The sliding doors of the emergency room lobby swished open and I walked through carrying my box of memories. The minute Cici called to tell me Gran had been rushed here and that they feared a stroke, I dropped everything--including Nev. I felt bad, but I'd call her later and she'd understand.

My eyes scanned the small waiting room area but Cici saw me before I saw her. She stood and walked over to me. It was obvious she'd been crying. Her face was puffy and her eyes were red. She had a wad of used tissues in her hand and she sniffled as she threw her arms around my shoulders and greeted me.

The contrast from her demeanor for the past few months was startling. I expected her to at least talk to me, given that she'd called to tell me, but I didn't expect this at all. I wrapped my arms around her while she cried and held the box precariously with one hand, hoping I didn't spill it.

"God, what if we lose her?" she asked, sniffling and pulling away. I didn't have an answer for her. Gran wasn't a spring chicken anymore. One day she would die and we would have to say goodbye. It was the natural way of things.
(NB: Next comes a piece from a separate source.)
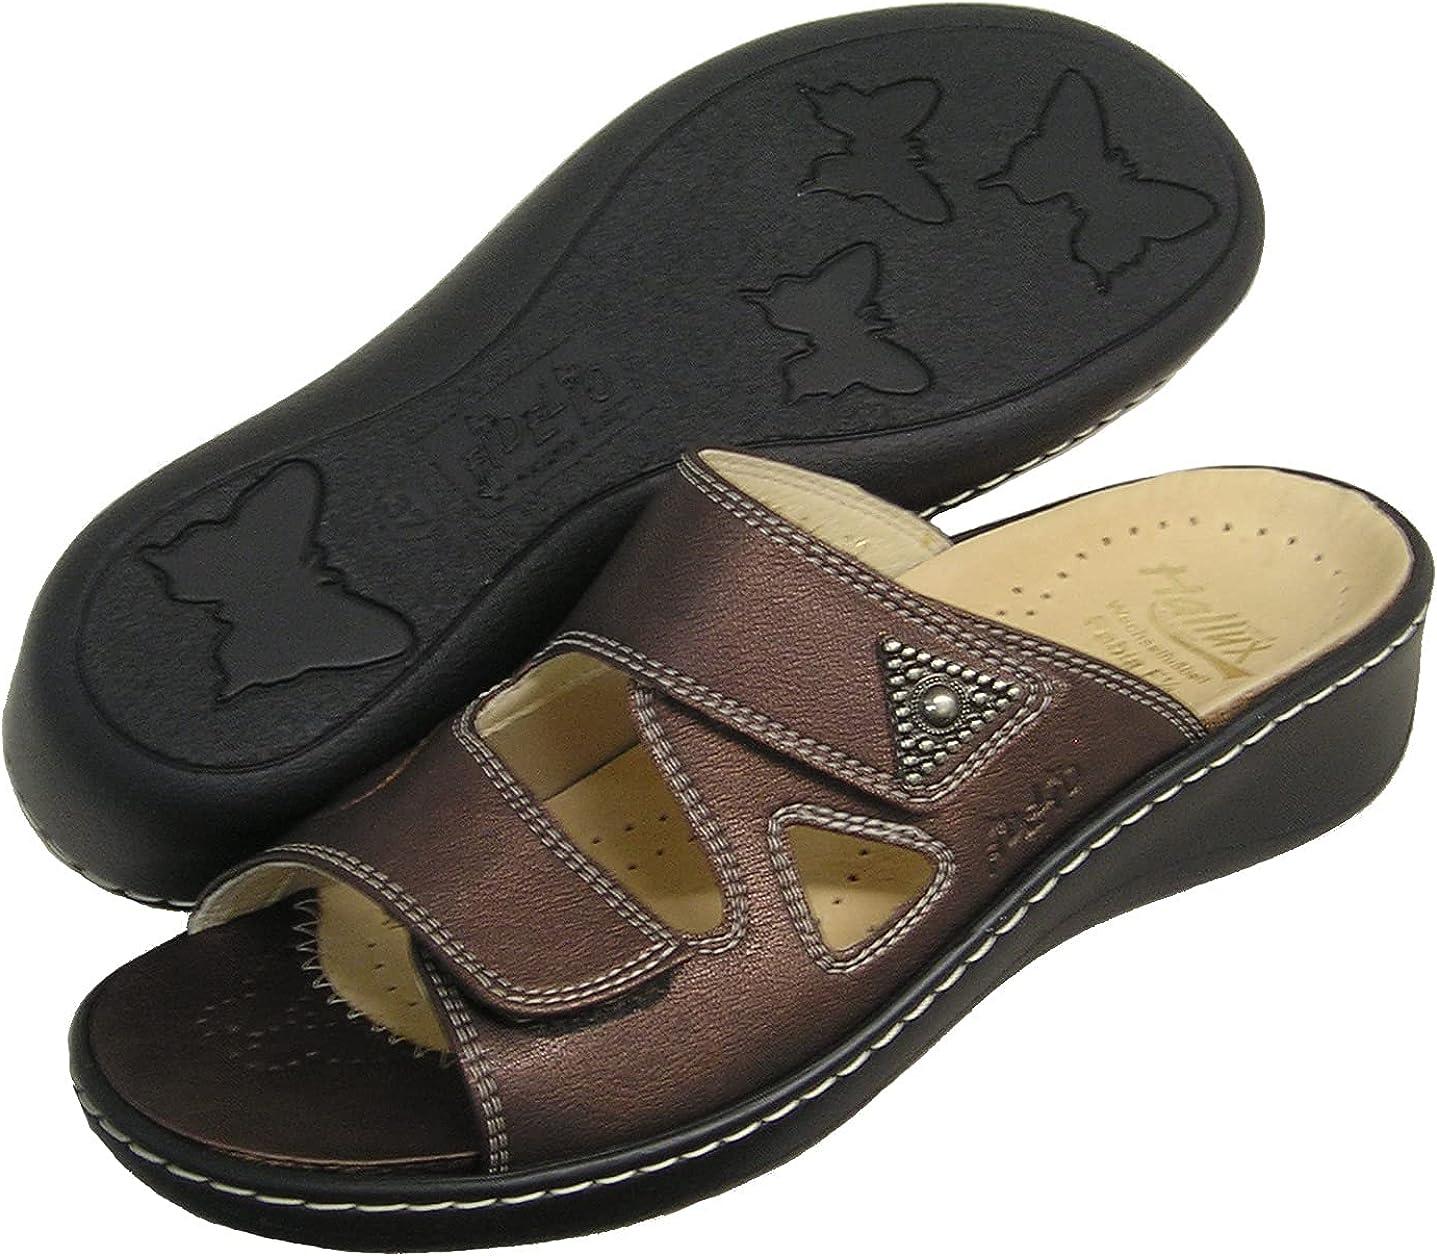 Fidelio Women's Hallux Fabia Bunion Relief Slide Sandal 33709 (Marrone)
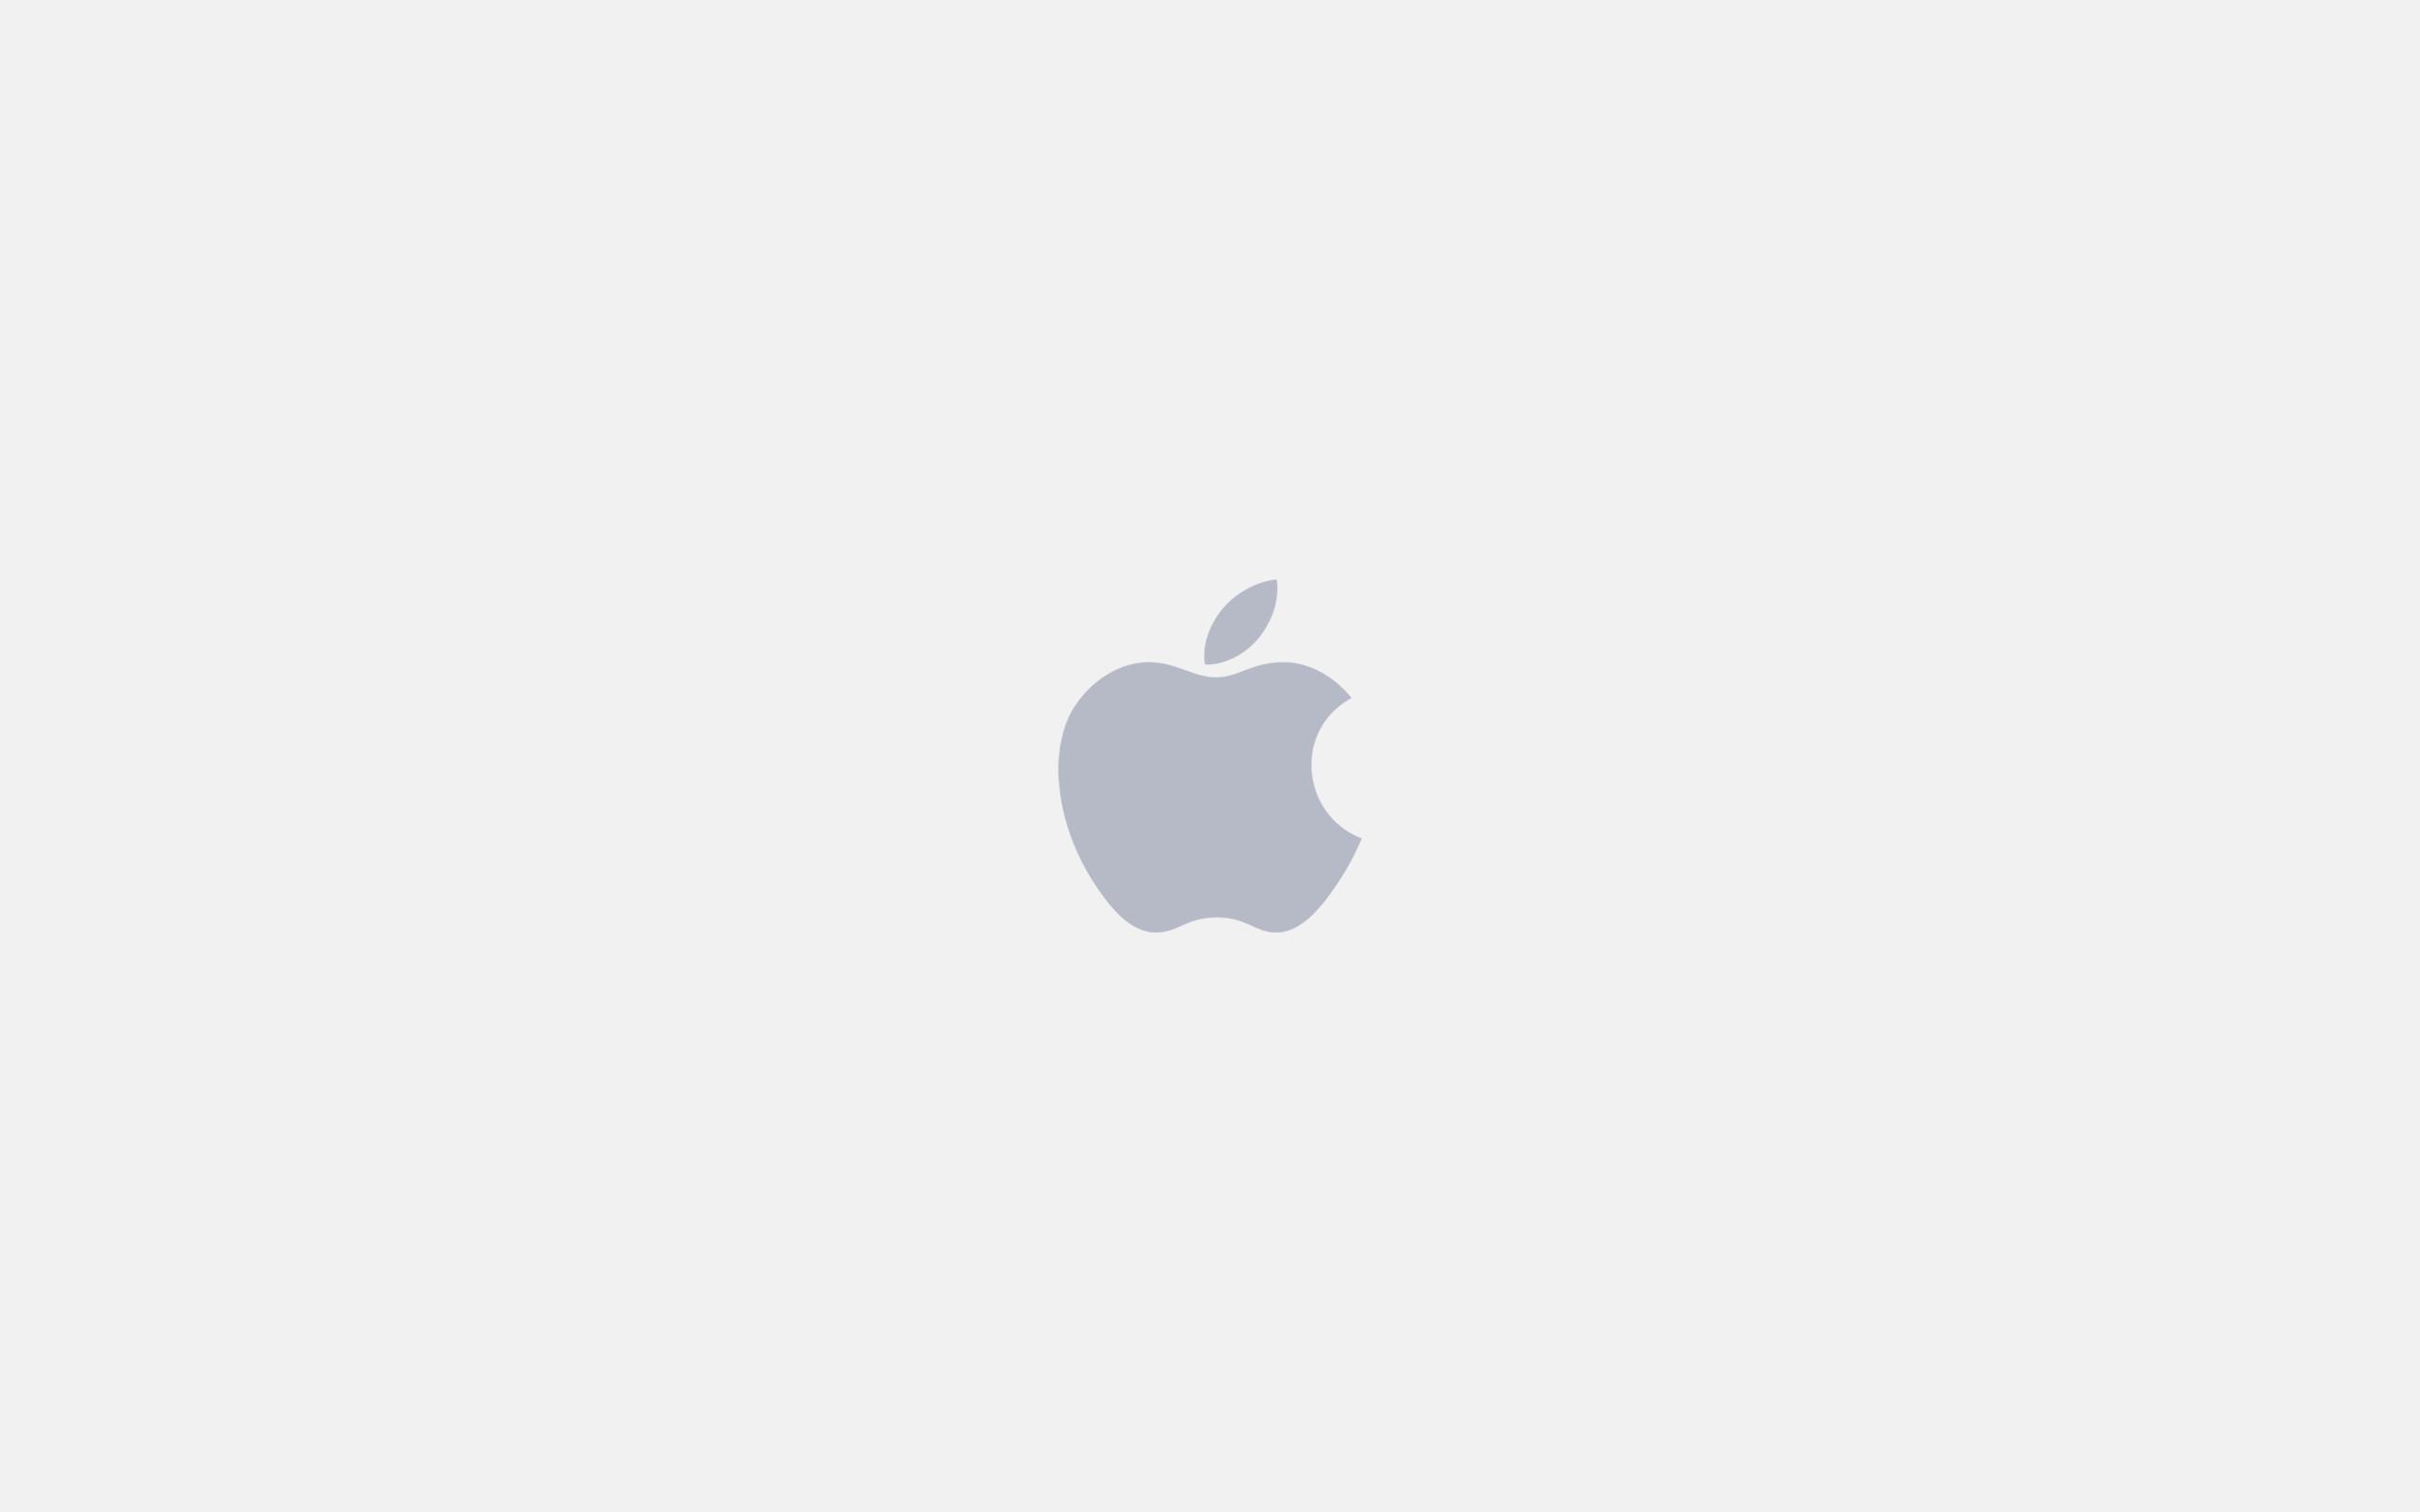 Minimal Apple Logo Wallpaper

No one wants their loved one to die, but everyone knows it's inevitable.

"I don't know, Cease." I patted her back and stepped away. "Where's Poppop?" I looked around not knowing what to expect. His life partner of more than fifty years had just suffered a major medical episode. Who knew what sort of mental state he was in.

"Uh, he's in the room. I came out here to wait for you. I can show you back." She gestured and started walking and I followed her. Right now it seemed her biggest concern was our grandparents, which was mine too. I didn't want to upset the delicate balance of things by bringing up our argument, so I kept my thoughts to myself.

She led me to a tiny room shrouded in curtains. There was no privacy at all. We could hear people talking in curtained rooms on either side of the one we were in, where Gran lay in bed hooked to monitors and tubes and Poppop sat in the corner of the room with his face buried in his palms, elbows on his knees. They both looked frail in here, smaller and helpless. I hated seeing them like this.

"Poppop," Cici said, and our grandfather looked up.

"Oh good, Beck. You're here..." He moved to stand but I rushed to his side and put a hand on his shoulder.

"Don't get up. I can sit by you." I reached for the second and only other chair in the room and positioned it next to his, but I offered it to Cici, who waved me off. She paced at the foot of Gran's bed and chewed a fingernail. "How's she doing? What happened?" I rested my box of memories on my knee as I listened to the hum and whir of the machines. A steady rhythmic beeping accompanied the noises, comforting us. Her heart was beating strongly.

"She had a headache all day and we didn't know what it was... She wanted a nap but I didn't feel right so I called her nurse and now we're here. They say it's a stroke, but they hope they've stopped it in time." Poppop stared at Gran with wide eyes that had seen better days. He looked forlorn and I imagined it would hurt deeply watching your life partner suffer like this.

"She's in the best place possible. Bellevue is the biggest hospital in the city. They'll take care of her, Poppop." I patted his knee and he nodded at the box.